In the above PLS regression results, individual wavelength contributions by MC, pH, and SSC contents in tomatoes was not considered in the prediction results. This was because the PLS regression method first applied linear transform to the entire individual wavelength data [
34]. As a result, it was difficult to determine how individual wavelengths were directly related to the MC, pH, and SSC contents in tomatoes to be predicted. However, it would be helpful to examine how MC, pH, and SSC in tomatoes were simply related to individual wavelengths so that a better understanding of their correlated spectra might be achieved.
3.3. Chemical Images of MC, pH and SSC in Intact Tomatoes
Figure 6 showed a sequence of representative processed images, illustrating the application of the hyperspectral image processing, single-band and threshold methods for the prediction of the MC, pH, and SSC in intact tomatoes. The 1082 nm waveband image was used as a representative image for visualization purposes because it showed the higher contrast among the other bands. The background regions of the non-fluorescence black cup were eliminated from the image by using a 0.1 value of a threshold. The resultant image reveals the major area of the tomato from the background. It shows that the HSI technique is allowed to acquire multiple samples at a time that contains a complete spectrum for every pixel in each sample. It also allows for the visualization of the different chemical constituents in each sample based on their spectral signatures because regions of similar spectral properties have similar chemical composition.
Figure 7 shows the chemical images/prediction map of the MC, pH and SSC of the intact tomato. The images were constructed by multiplying the obtained beta coefficient (regression coefficient) from the best preprocessed PLS regression model with the spectra of each pixel in the image. The power of these distribution maps resides in the rapid and easy access they afford to the spatial distribution of MC, pH and SSC in the tomato and their relative concentrations.

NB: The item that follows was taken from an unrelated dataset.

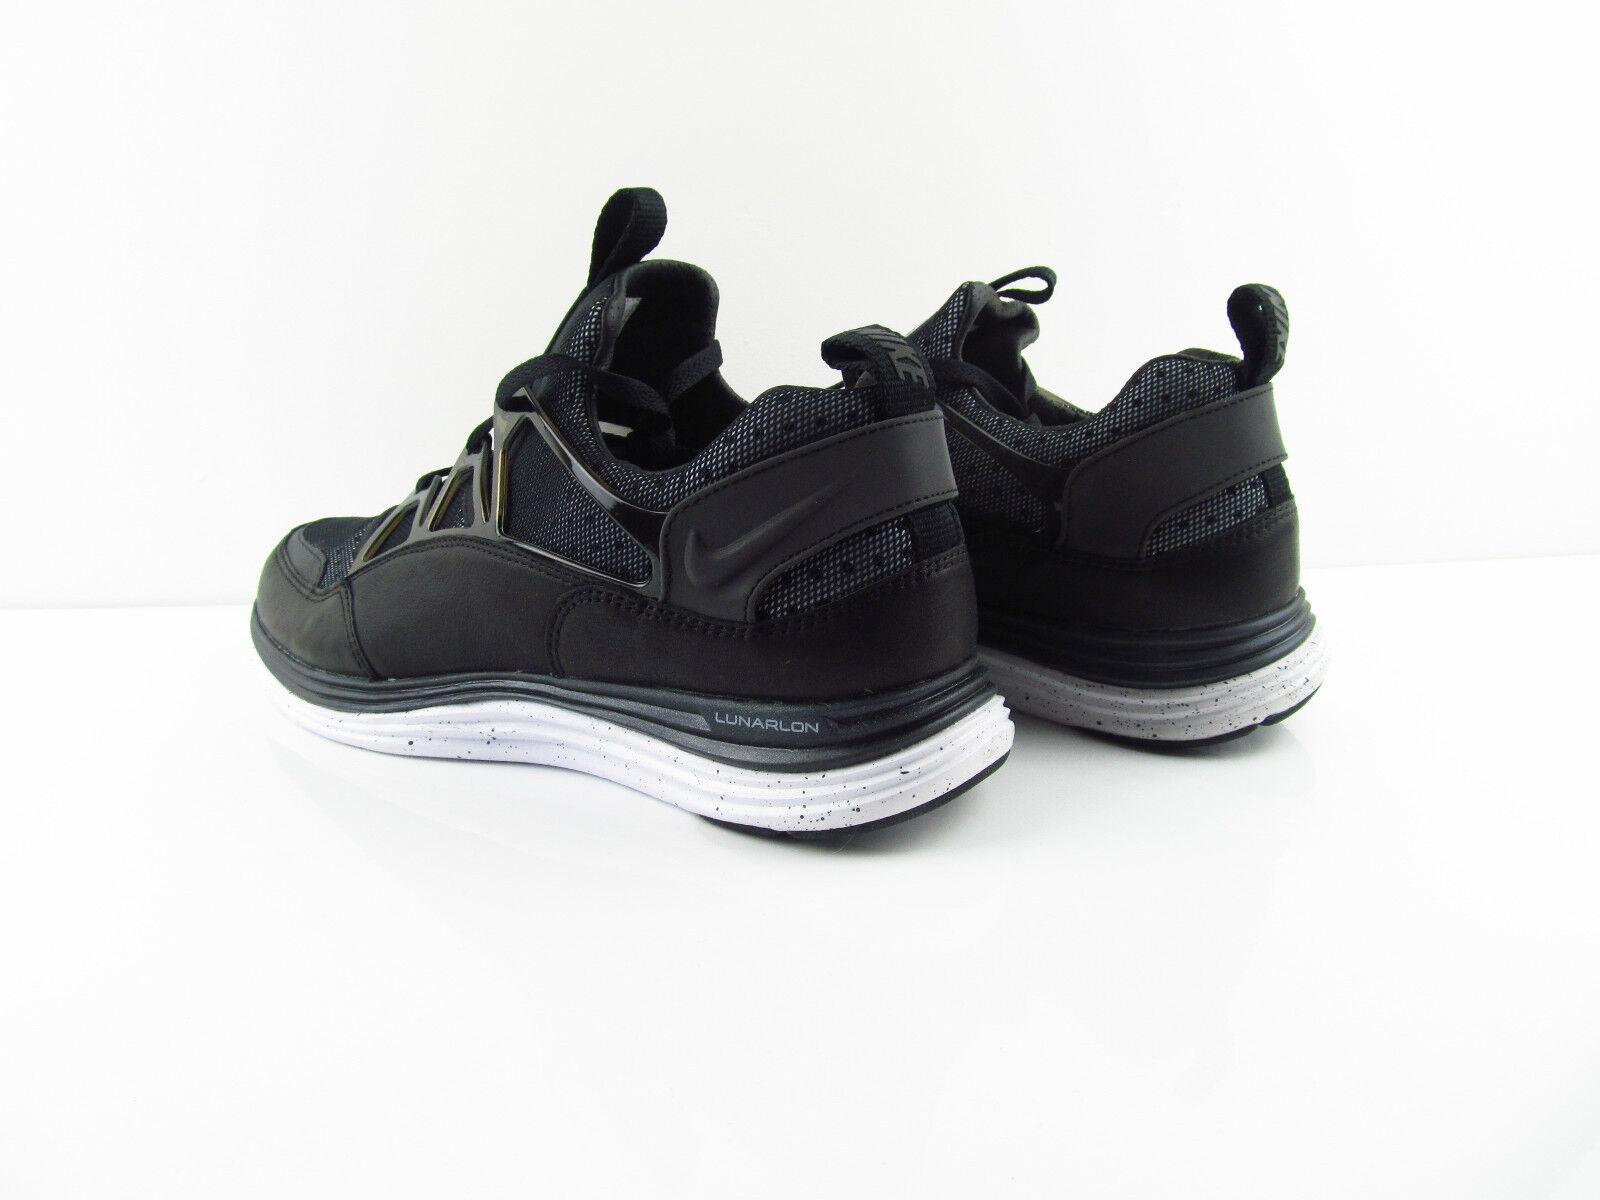 Nike sp lunar huarache light sp Nike nikelab negro New us_11 13 euros 45 - 47.5 1060bb

By including all the pixels, this approach has the advantage of displaying more detailed and accurate information. The difference in MC, pH and SSC within the same sample was very interesting and easily visualized in the concentration maps. The MC of the tomato showed uniform distribution along the fruits, while the pH was almost doubled in certain areas of the tomato. In the case of pH, the tomato shows pH variation (red-yellow-blue color variation) with lower pH (more blue) in the central areas of the fruit compared to the peripheral areas of the fruit. In the case of SSC content, lower SSC showed uniform distribution in their peripheries and, to a greater extent, SSC towards their central parts in tomato. The whole-tomato differences in internal qualities such as MC, pH, and SSC may be caused by differences in sunlight exposure for the fruit surface during cultivation.